When ketamine explodes the bladders of ravers and club scenesters (true story), they turn to MXE for ketamine-like euphoria, hallucinations, and dissociation. Developed in labs as a replacement for ketamine, the designer drug was originally available for purchase on the grey market in the UK and internet for $20 a pop before law enforcement caught on and cracked down. These days, you can find it nebulously hidden in what you hope is molly or speed; it’s often used to cut less-shitty drugs. But, since so little is known about it, users have a difficult time figuring out dosages, leading to multiple accounts of lasting delusions and mental problems, which is probably why club magazine Mixmag reported that people in the rave community have given MXE the slang name 'roflcoptr' (rolling on the floor laughing crapping our pants totally ruined). Thanks, but if we wanted to shit ourselves, we’d just look at Gary Busey’s face.

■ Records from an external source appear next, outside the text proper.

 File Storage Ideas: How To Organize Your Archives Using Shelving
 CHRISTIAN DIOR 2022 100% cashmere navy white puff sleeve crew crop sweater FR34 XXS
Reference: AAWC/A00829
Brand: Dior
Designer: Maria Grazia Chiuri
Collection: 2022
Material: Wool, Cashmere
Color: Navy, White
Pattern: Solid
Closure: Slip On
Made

You may not have heard of this gorgeously-named designer drug before, but you bet your sweet ass you’ve heard of bath salts. Yessir, MDPV is a common active ingredient in bath salts, and although it was developed in a lab in the 1960s, it remained an obscure stimulant until around 2004 when it began making its way into legal recreational compounds. MDPV-containing products were sold as recreational drugs under the name ‘bath salts’ in gas stations and convenience stores around the country until 2011, when the DEA emergency-classified it as a Schedule 1 substance. It has four times the potency of ritalin, and similar effects: alertness, increased energy and motivation, increased sociability and concentration, and of course, sexual stimulation. Oh, and death! A number of deaths attributed to MDPV-containing bath salts have occurred in the US … and then there was that whole hobo-face-eating thing too.

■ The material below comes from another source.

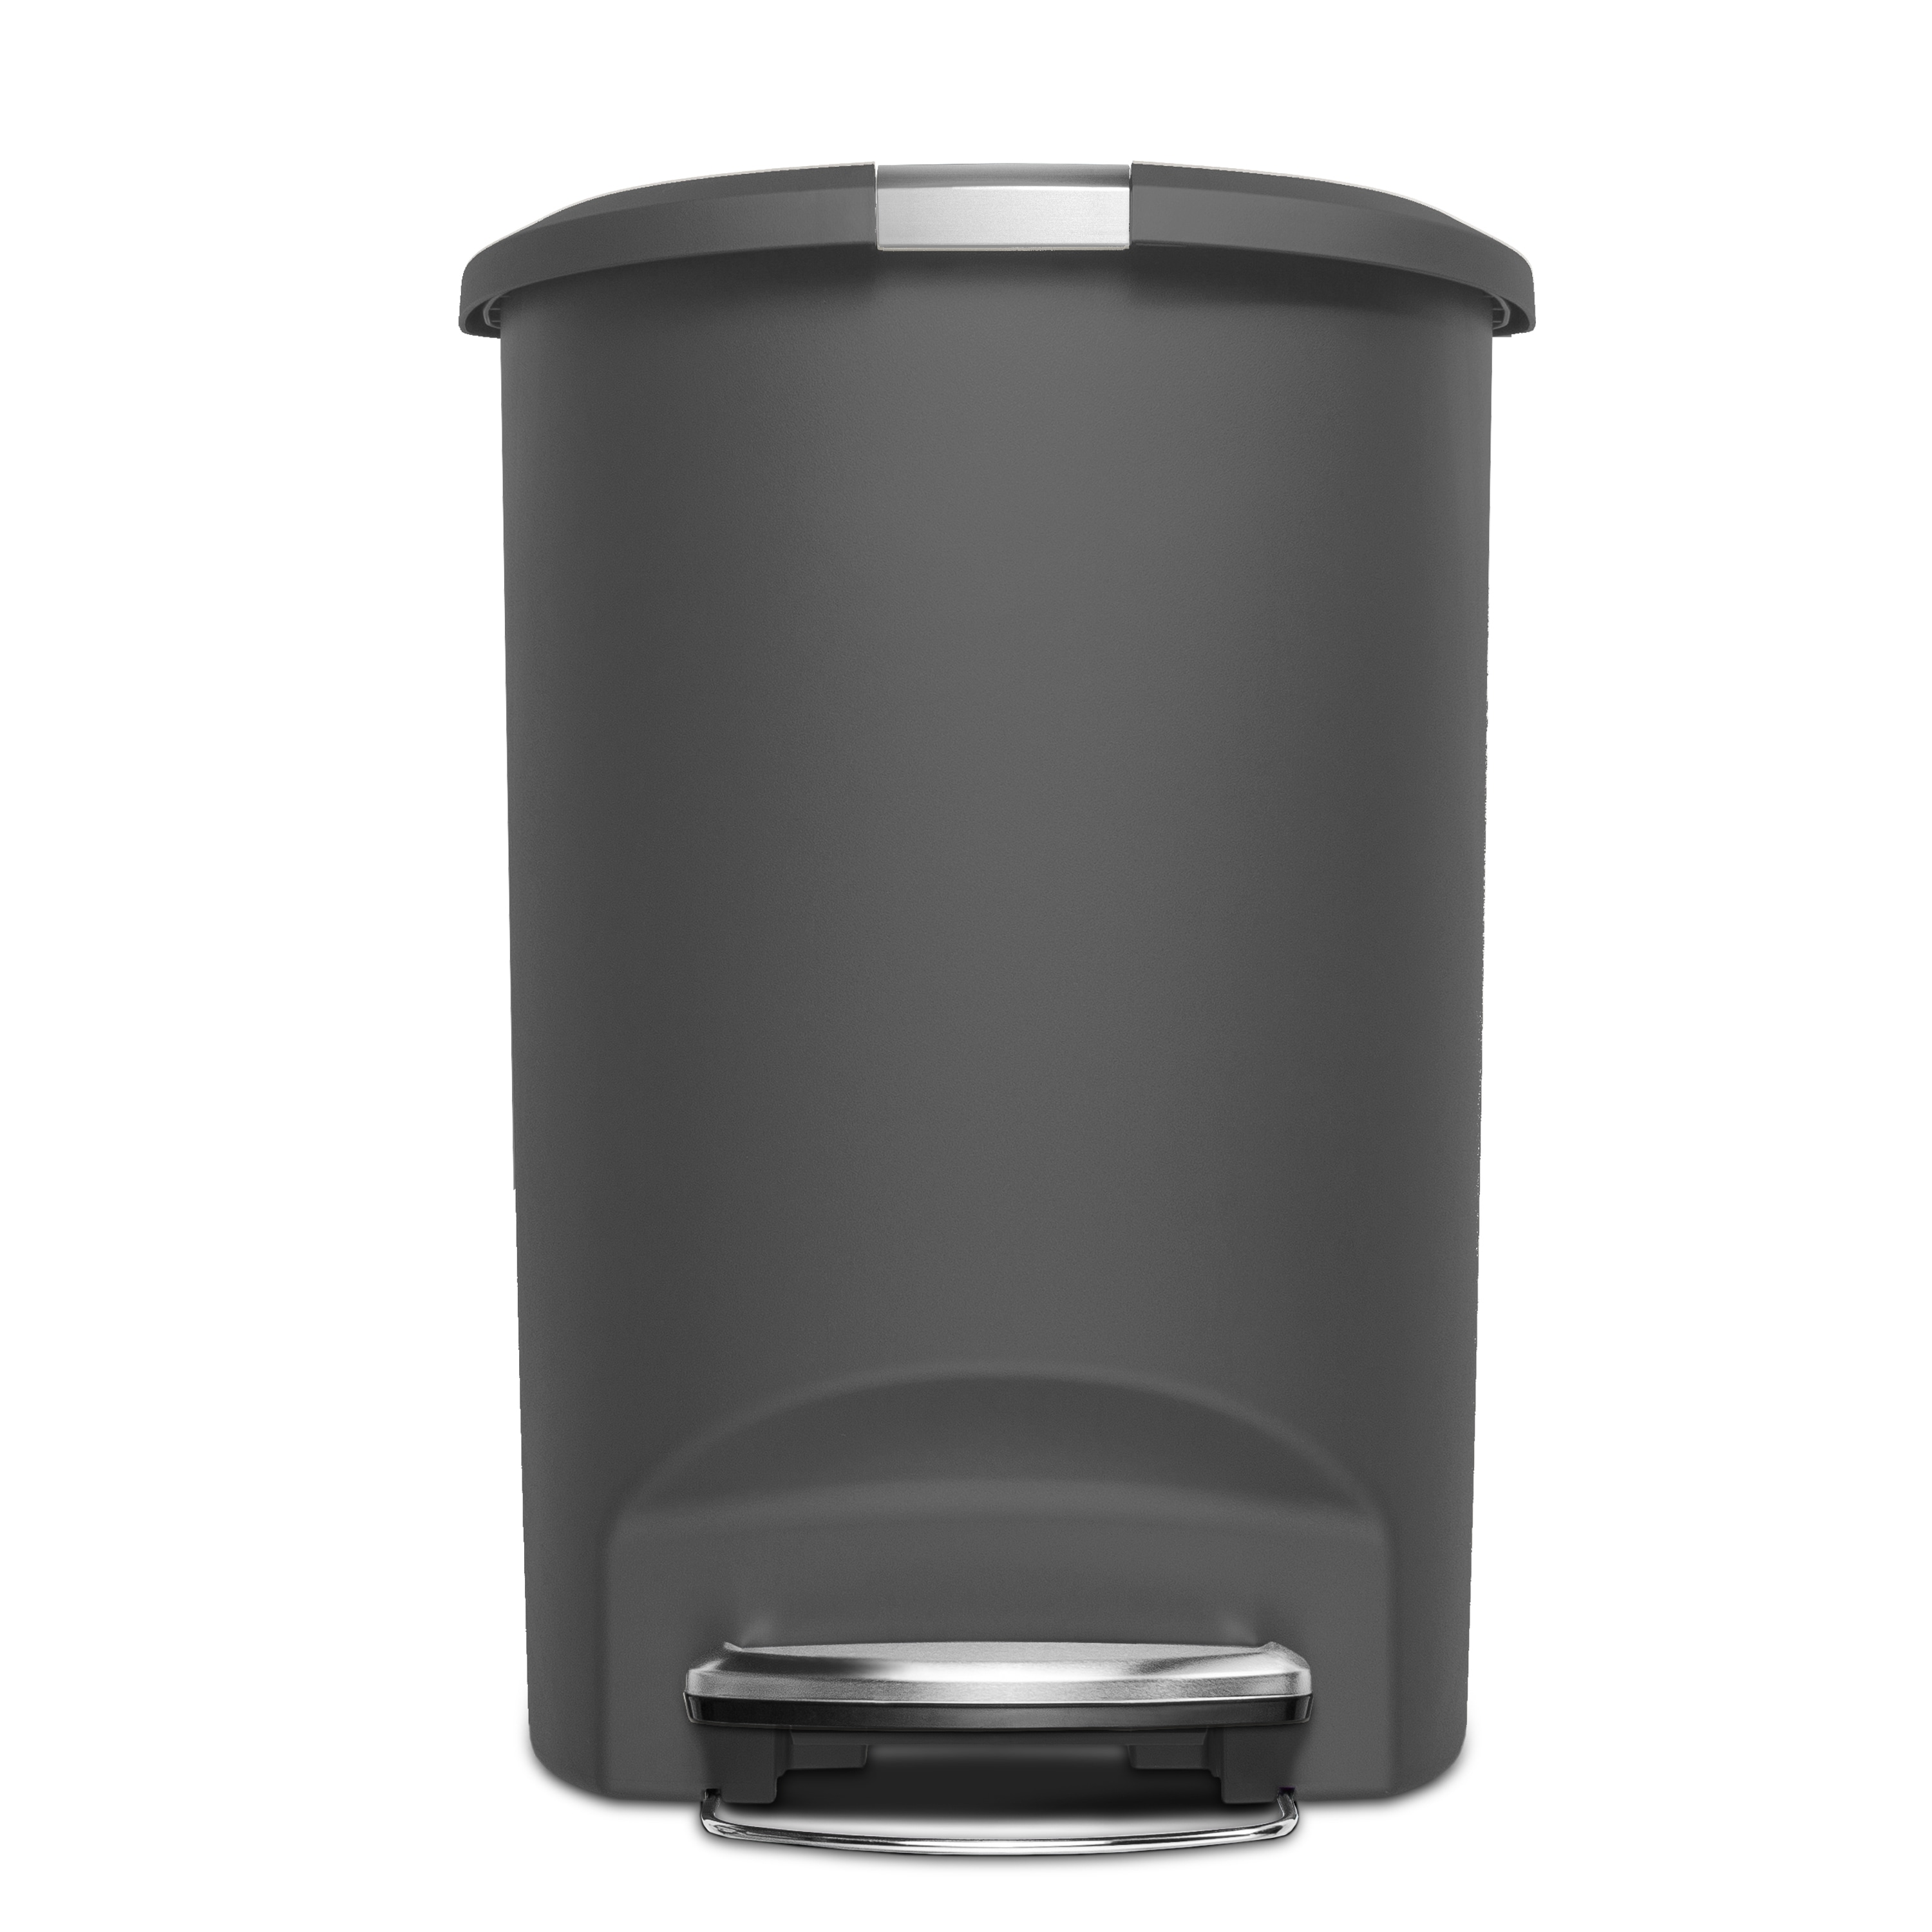 Trash Can 14.5 Gallon Stainless Steel Semi-Round Kitchen Garbage Bin  Covered Lid

In 1996, the same guy who created MDMA, Alexander Shulgin, created methylone. But it wasn’t until the end of 2004, that it emerged on the Dutch party scene under the name "Explosion." It was sold as a liquid via the internet and in "smartshops", stores that sold non-scheduled, psychoactive substances. Labeled as a "room odorizer" to skirt Dutch drug labeling laws, it gained instant popularity among people whose MDMA dealers were on vacay. Speaking of, it’s actually a more common ingredient in molly than MDMA is, and is consequentially implicated as the cause behind most molly-induced seizures. When it’s not making you seize though, it’s known to produce the same euphoric, empathetic sensation as ecstasy, except with a speedier sensation. And at roughly half the price of pure MDMA, we have to say that all sounds pretty great … except it gives you debilitating erectile dysfunction. Welcome to Bummer-Town.
… and one safe one
Kratom is a tea or a powder made from natural kratom leaves leaves that are harvested and dried. Popularized for helping sufferers of chronic pain, ADHD, and anxiety, it has the sensation of a strong buzz from coffee, but without the jitters. But at high doses, it acts like a weak opium. The plant gets a lot of credit for being both a healthier option for opiate addicts and a great remedy for recovering junkies for two reasons. First, it delivers when it comes to sensation and dissociation. Second, the way it interacts with your brains opioid receptors makes it near-impossible to develop a physical addiction to it. Best part? It’s street legal, baby, and it’s popping up all over the country in specialized bars where you can go to pretend you’re doing heroin when you’re really just drinking tea.